There are very few bands that can pump out ten or more records and not deliver at least one weak link.  Alice Cooper, Black Sabbath, - hell, even my idols Blue Oyster Cult have done it.  And so it happened to the great Judas Priest as well, with “Point of Entry.”

What is surprising is that “Point of Entry” is chronologically situated between two Priest classics, 1980’s masterpiece “British Steel” and “Screaming for Vengeance” which in addition to being excellent is the first album ever reviewed for the Odyssey (you'll note I was a lot less verbose in those days).

When I reviewed “British Steel” I said it was the perfect melding of melodic classic rock, and pounding metal.  “Point of Entry” is the same blend, but somehow the formula is all wrong.

The record is still inspired, deep down, by proto-blues fifties guitar riffs.  Double lead players Glen Tipton and K.K. Dowling still show their seemingly bottomless talent for writing these things and making it look easy.  Even Rob Halford is still a resplendent vocalist when in full throat.  Despite this, the songs seem patched together, particularly the pedestrian choruses on a lot of these tracks.  “Hot Rockin’” is a prime example, starting off promising with a Chuck Berry-inspired guitar riff (plus steroids) but then descending into a truly forgettable chorus of “I’m gonna go/I wanna go/I’m gonna go/Hot rockin’.”  And it isn’t the lyrics that wreck it (although they are self-evidently awful) the hook just isn’t much of a hook, and even a good guitar riff can’t save the song.

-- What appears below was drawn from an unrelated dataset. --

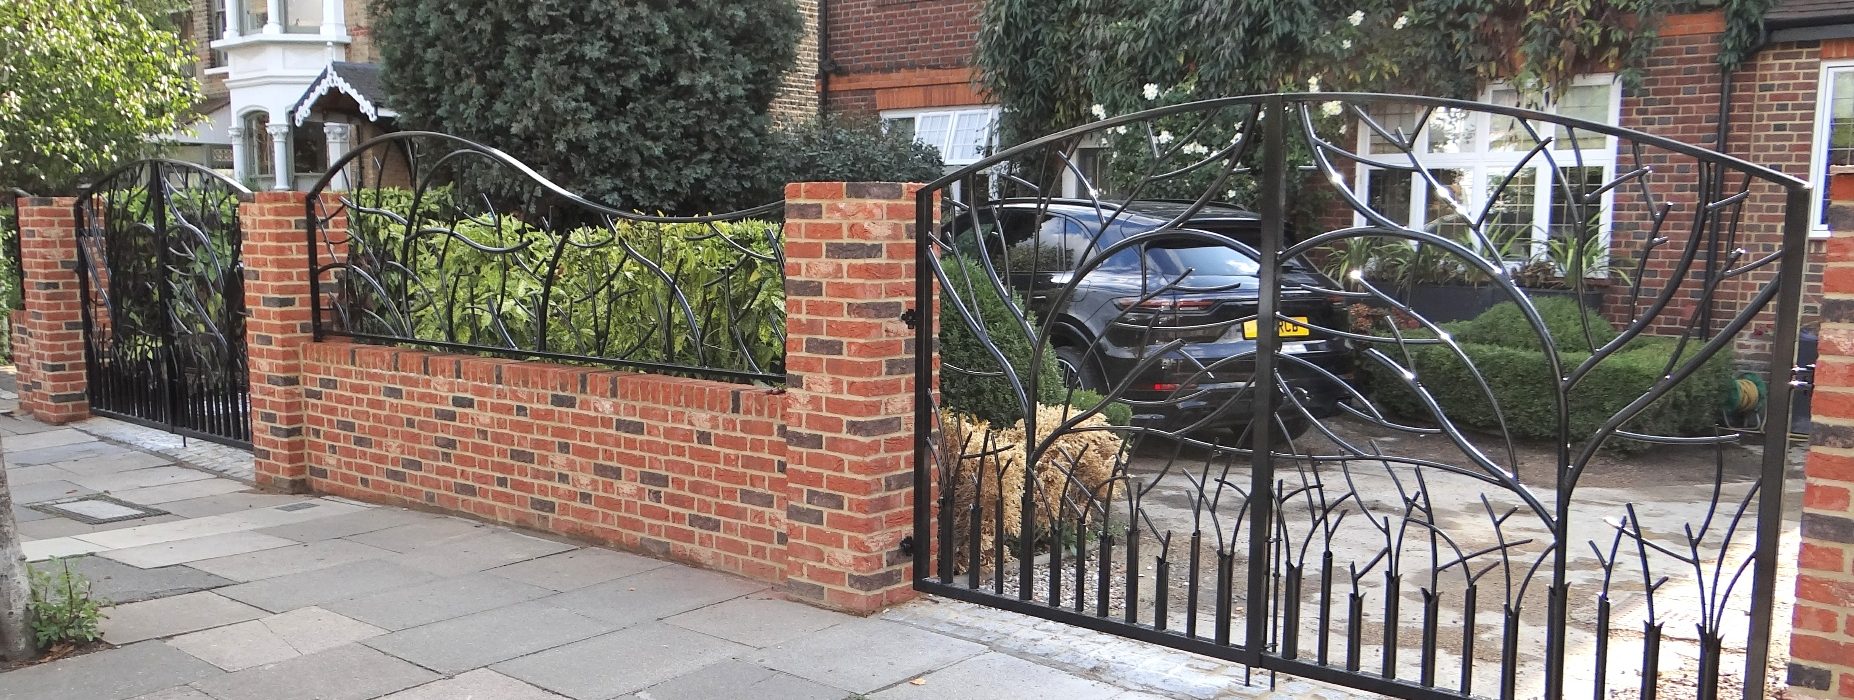 Bespoke wrought iron gates made and fitted by The Blacksmith Shop.

In places, this album’s production and composition had me wondering if Priest had been unduly influenced by the rise in popularity of the hard rock stadium bands of the late seventies and early eighties, particularly on the very forgettable “Don’t Go.”  Priest is better than that, and by descending to that level they lose their unique sound, and instead sound like they’re trying too hard to be like everybody else.

There are still some bright spots on this record.  For example, in the middle of an otherwise pedestrian song like “Turning Circles” there is a fine rock-blues guitar solo that would make Buck Dharma proud.

Also, when they do recapture the alchemy of their sound, it is electrifying as ever.  The opening track, “Heading Out On the Highway” is vintage early Priest, with unison singing, top line guitar riffs and a general sound that says ‘drive fast and live free’ – the message every metal album must deliver well if it wants to be serious.

Solar Angels” mixes this early sound with the heavy anthemic qualities I’d first learn to love as a fourteen year old on “Defenders of the Faith” and is good to have probably made the cut on that killer record.

Rob Halford’s lyrics are at their dirty best on “All the Way” and “Troubleshooter” although only the latter really inspired me musically.

Unfortunately, the high spots on this album aren’t frequent enough to pull the whole record up.  Even the bonus tracks (a live version of “Desert Plains” and an early composition called “Thunder Road” – no relation to Springsteen) were weak entries on the extra material front.

This isn’t a bad album, and no doubt I’m holding it to a higher standard because of how much I absolutely love Priest’s other works to this point (for proof just read the reviews I've linked to in this review).  Still, I can’t deny that "Point of Entry" left me wanting more.  As Bad Santa teaches us, “they can’t all be winners, kid.

Best tracks:  Heading out on the Highway, Solar Angels, Troubleshooter.